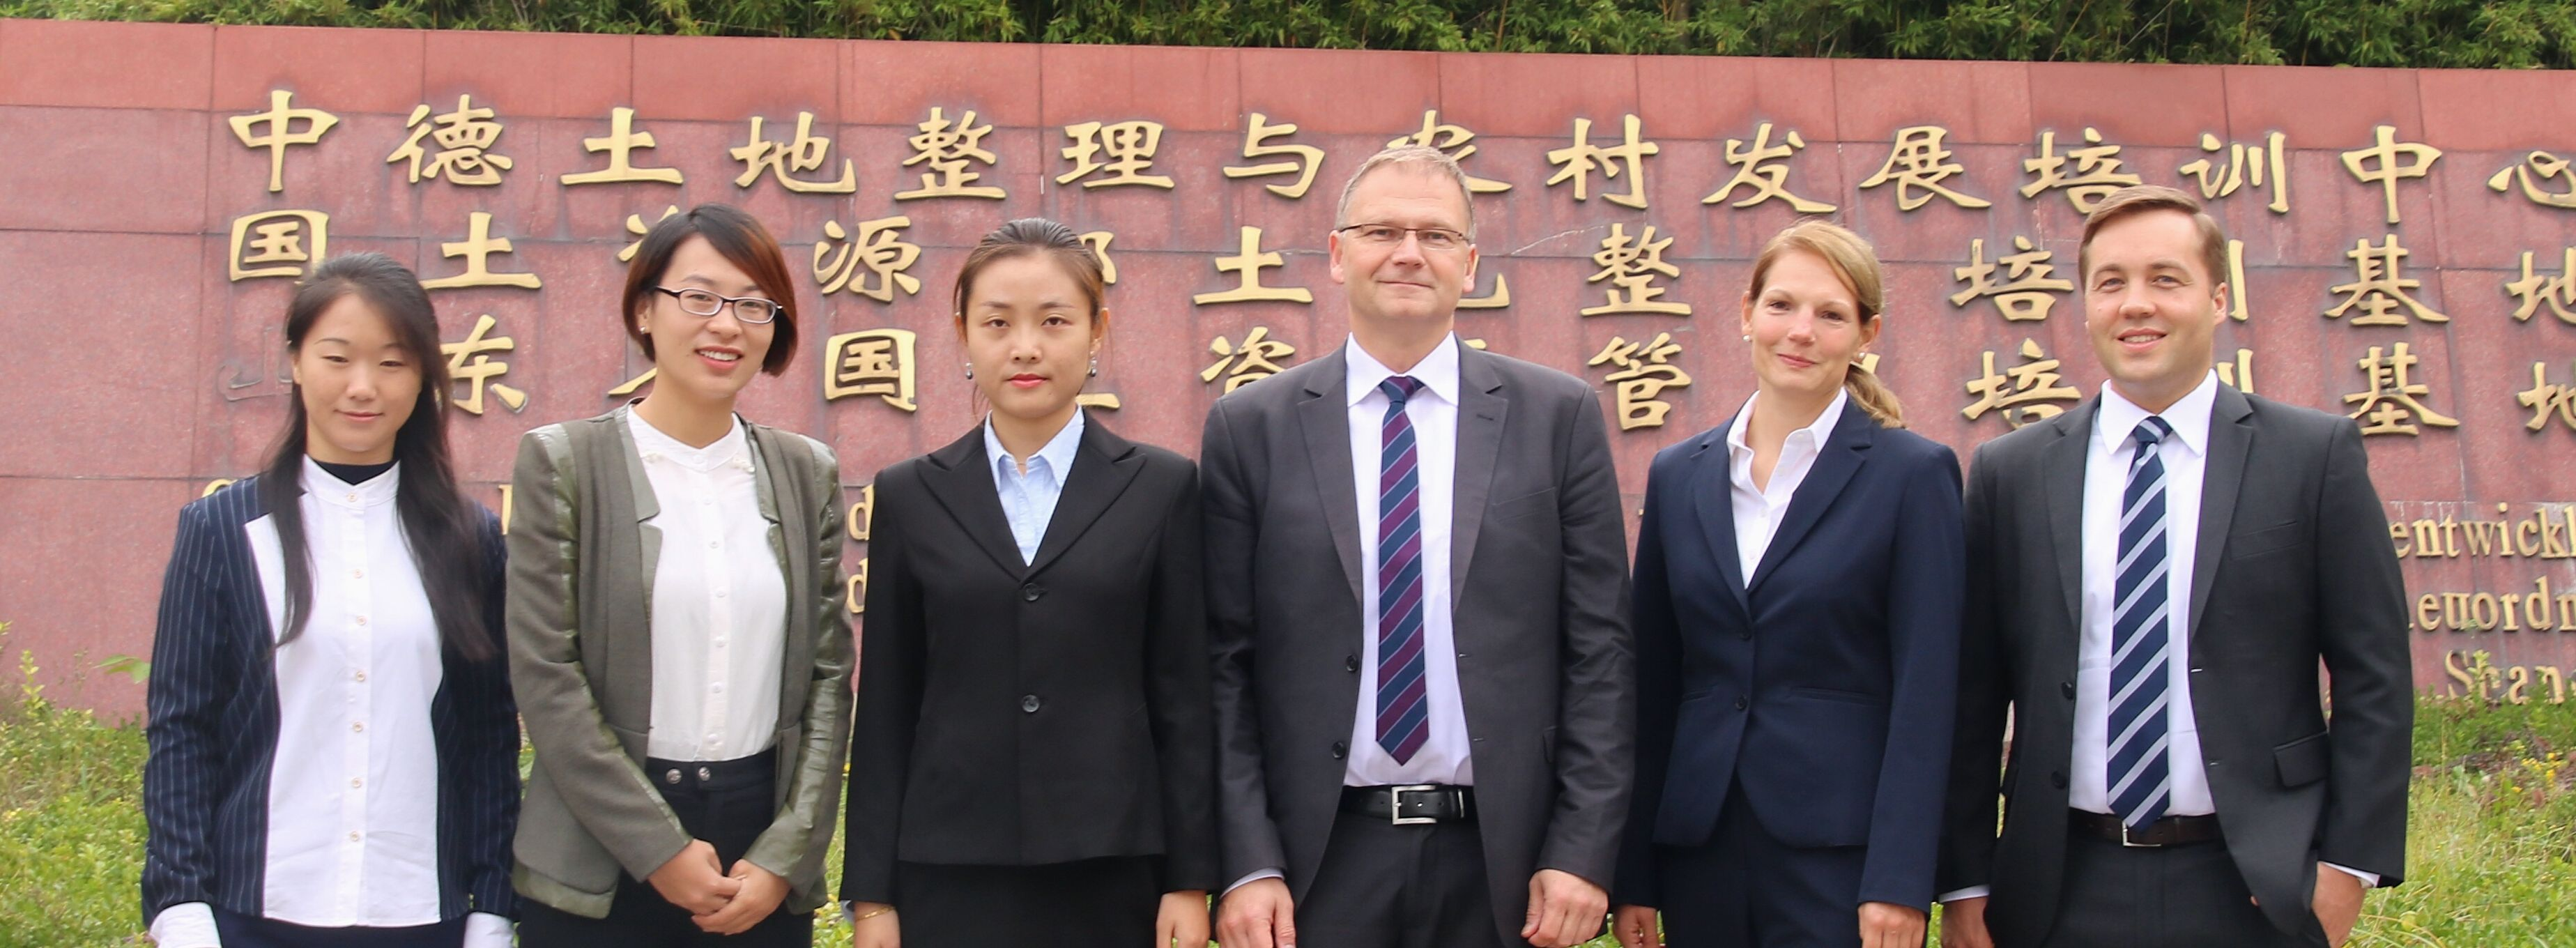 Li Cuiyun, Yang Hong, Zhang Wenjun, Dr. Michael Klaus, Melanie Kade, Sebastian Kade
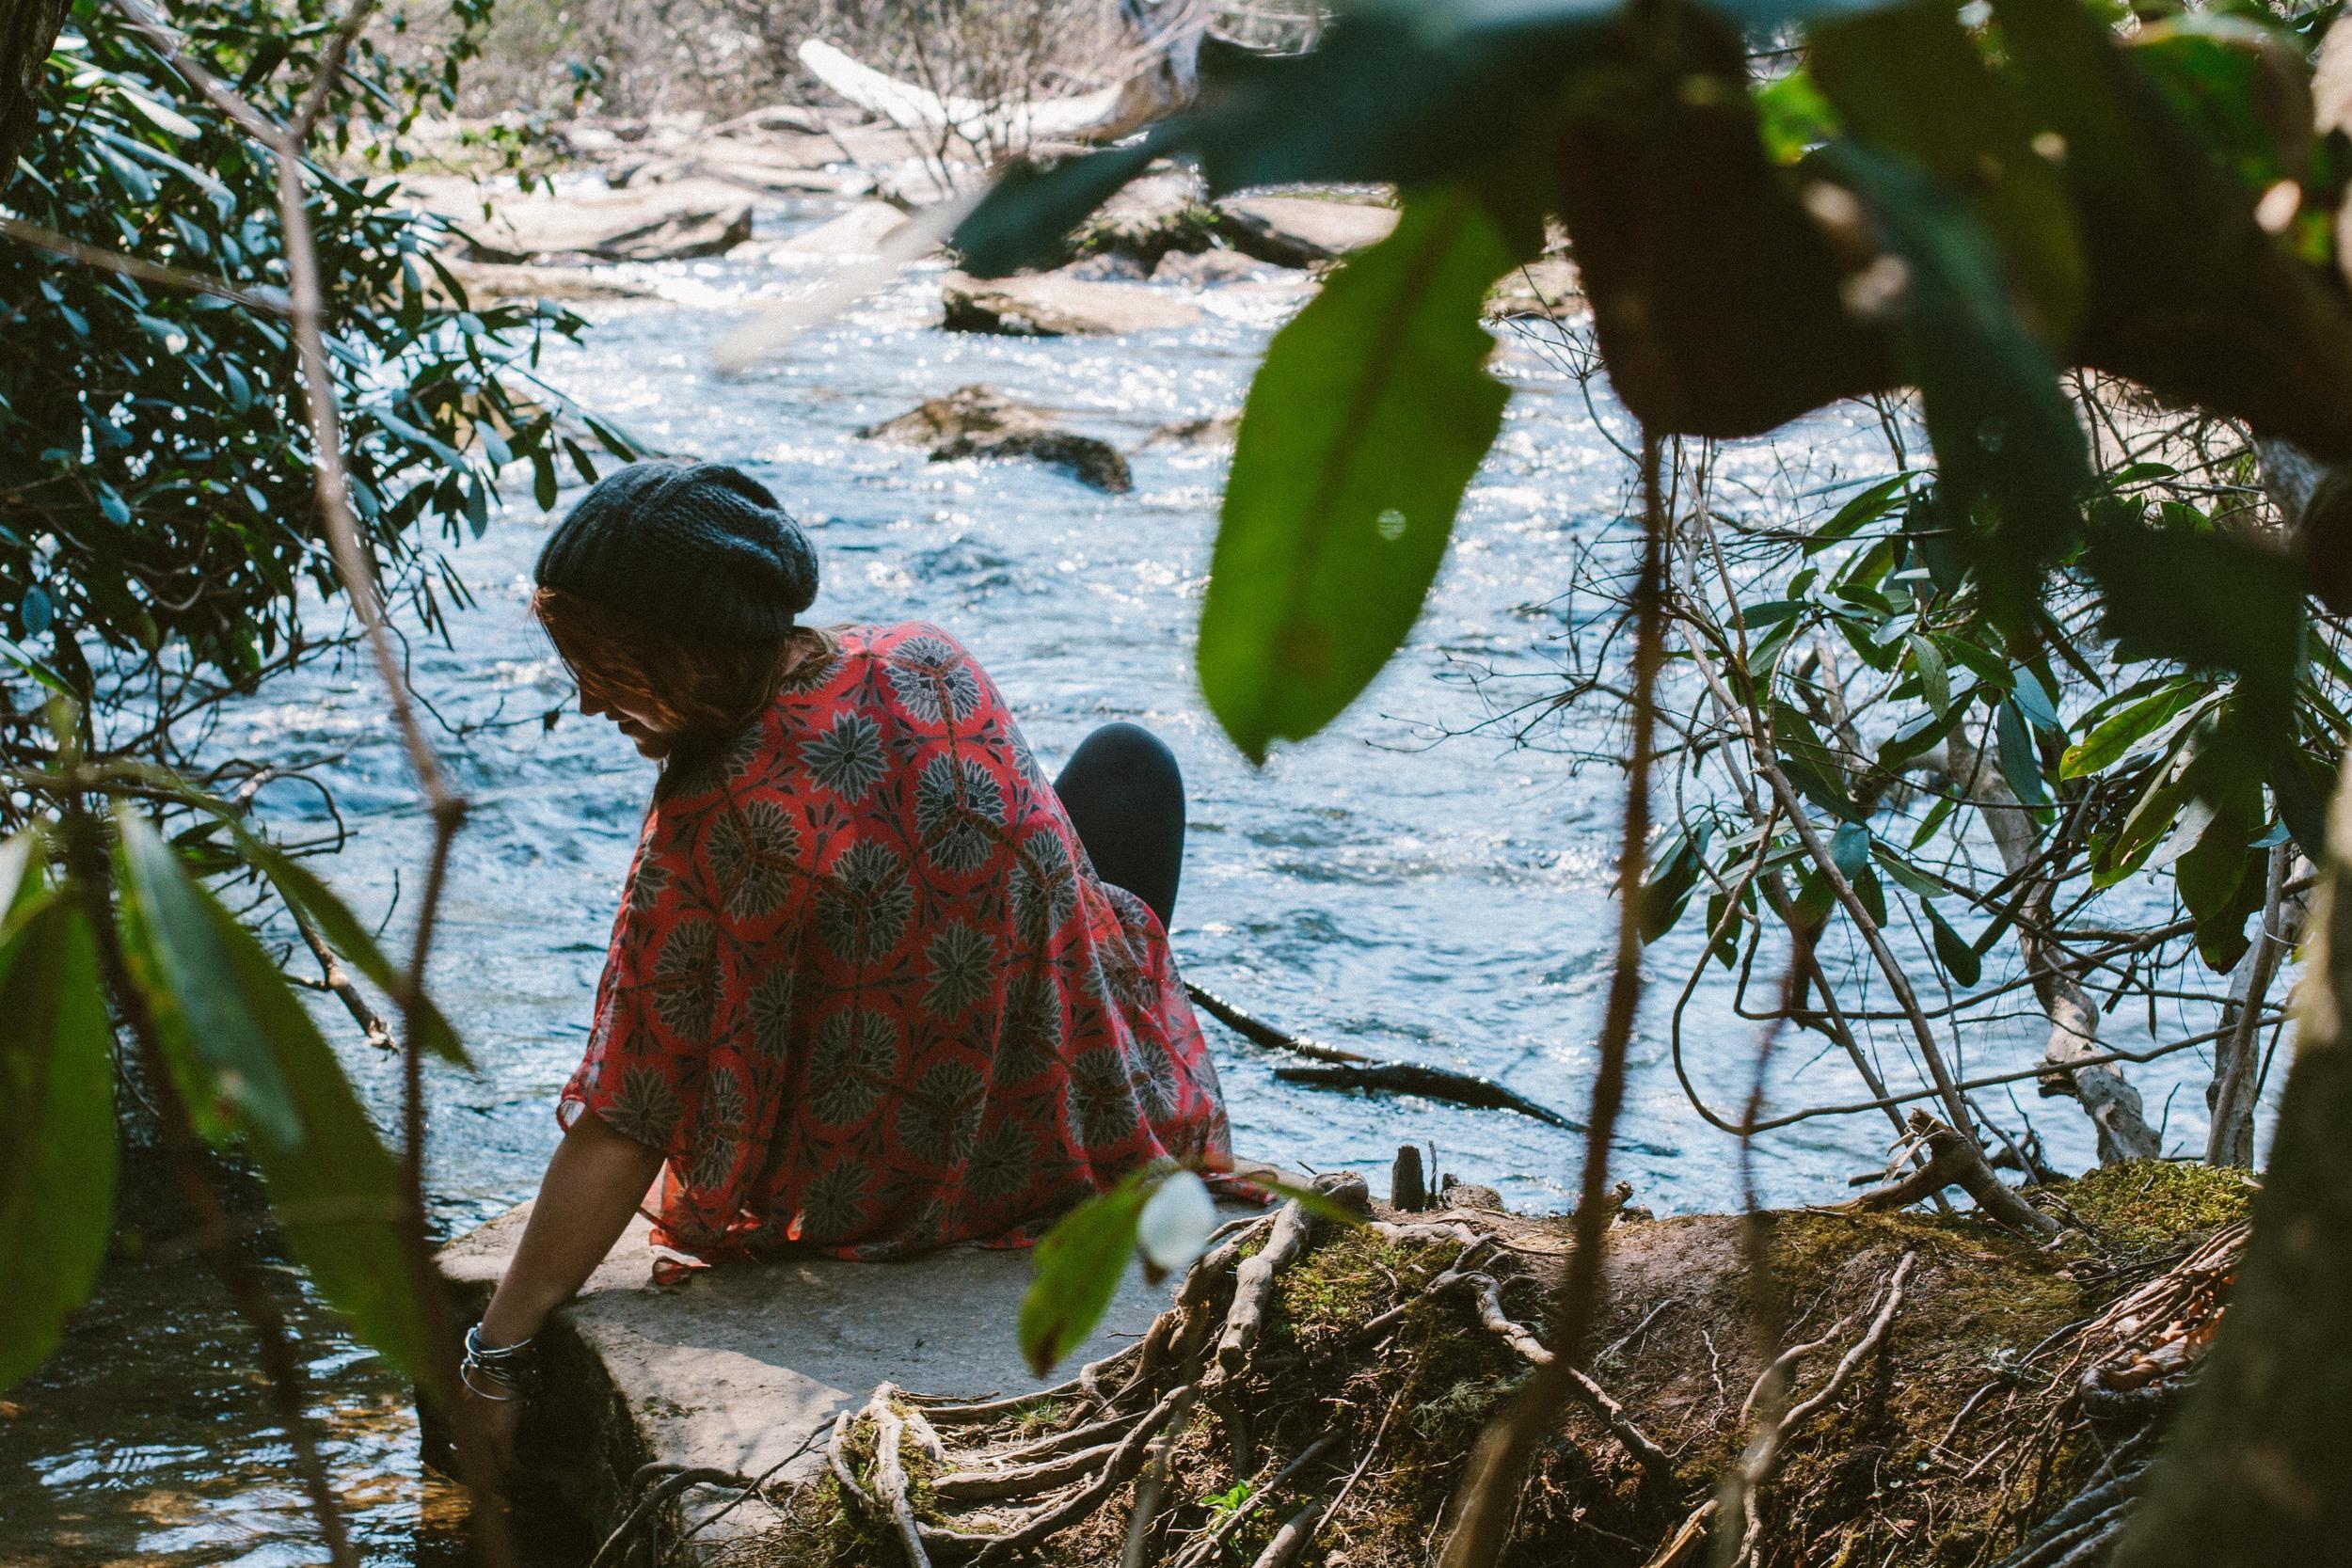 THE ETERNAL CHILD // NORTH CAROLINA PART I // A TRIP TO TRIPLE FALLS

_ _ _ _ _ _ _

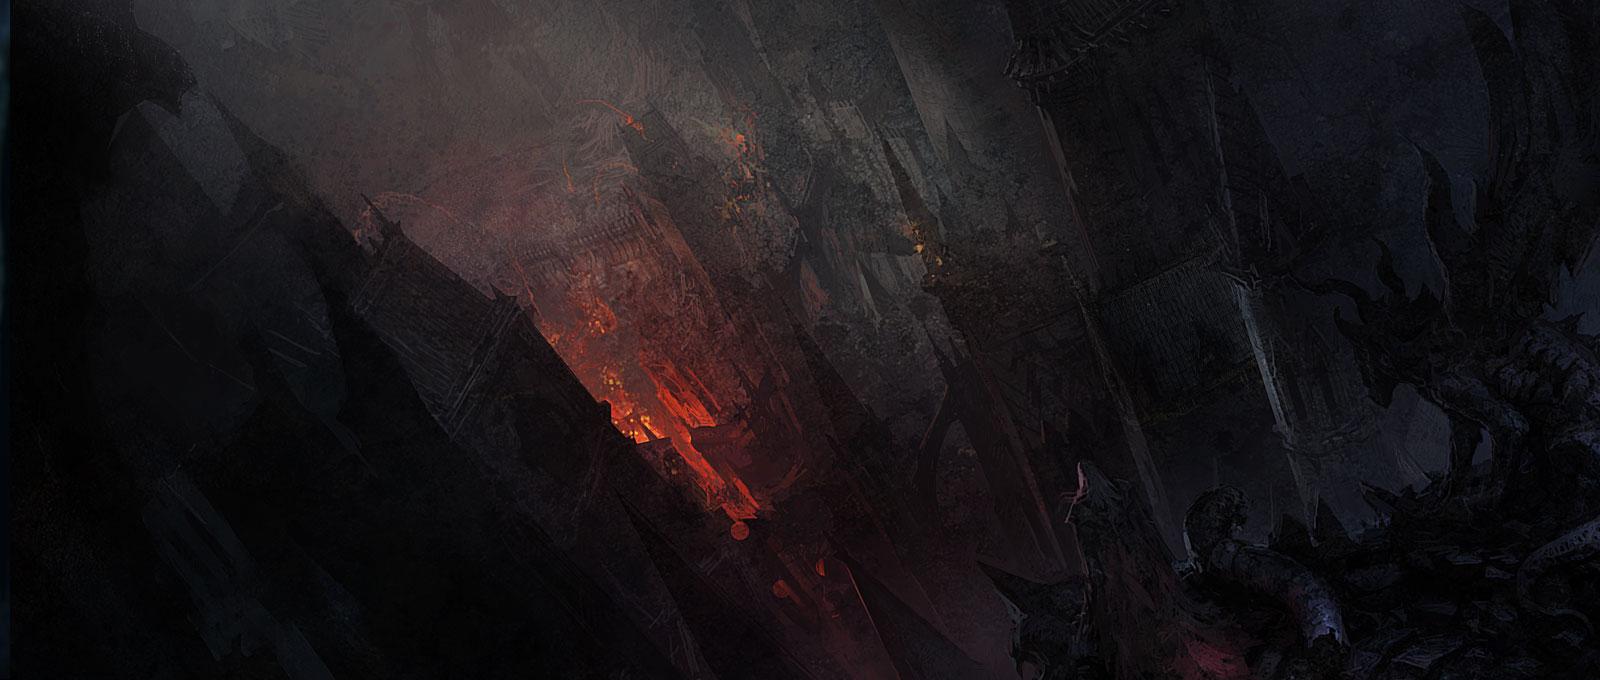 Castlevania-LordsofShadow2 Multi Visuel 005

_ _ _ _ _ _ _

* THE PROBLEM *
Taking the records above, print only and exactly the lines from the line with "Li Cuiyun, Yang" to the line with "THE ETERNAL CHILD", both kept, and exclude pictures.

* YOUR SOLUTION *
 Li Cuiyun, Yang Hong, Zhang Wenjun, Dr. Michael Klaus, Melanie Kade, Sebastian Kade
 THE ETERNAL CHILD // NORTH CAROLINA PART I // A TRIP TO TRIPLE FALLS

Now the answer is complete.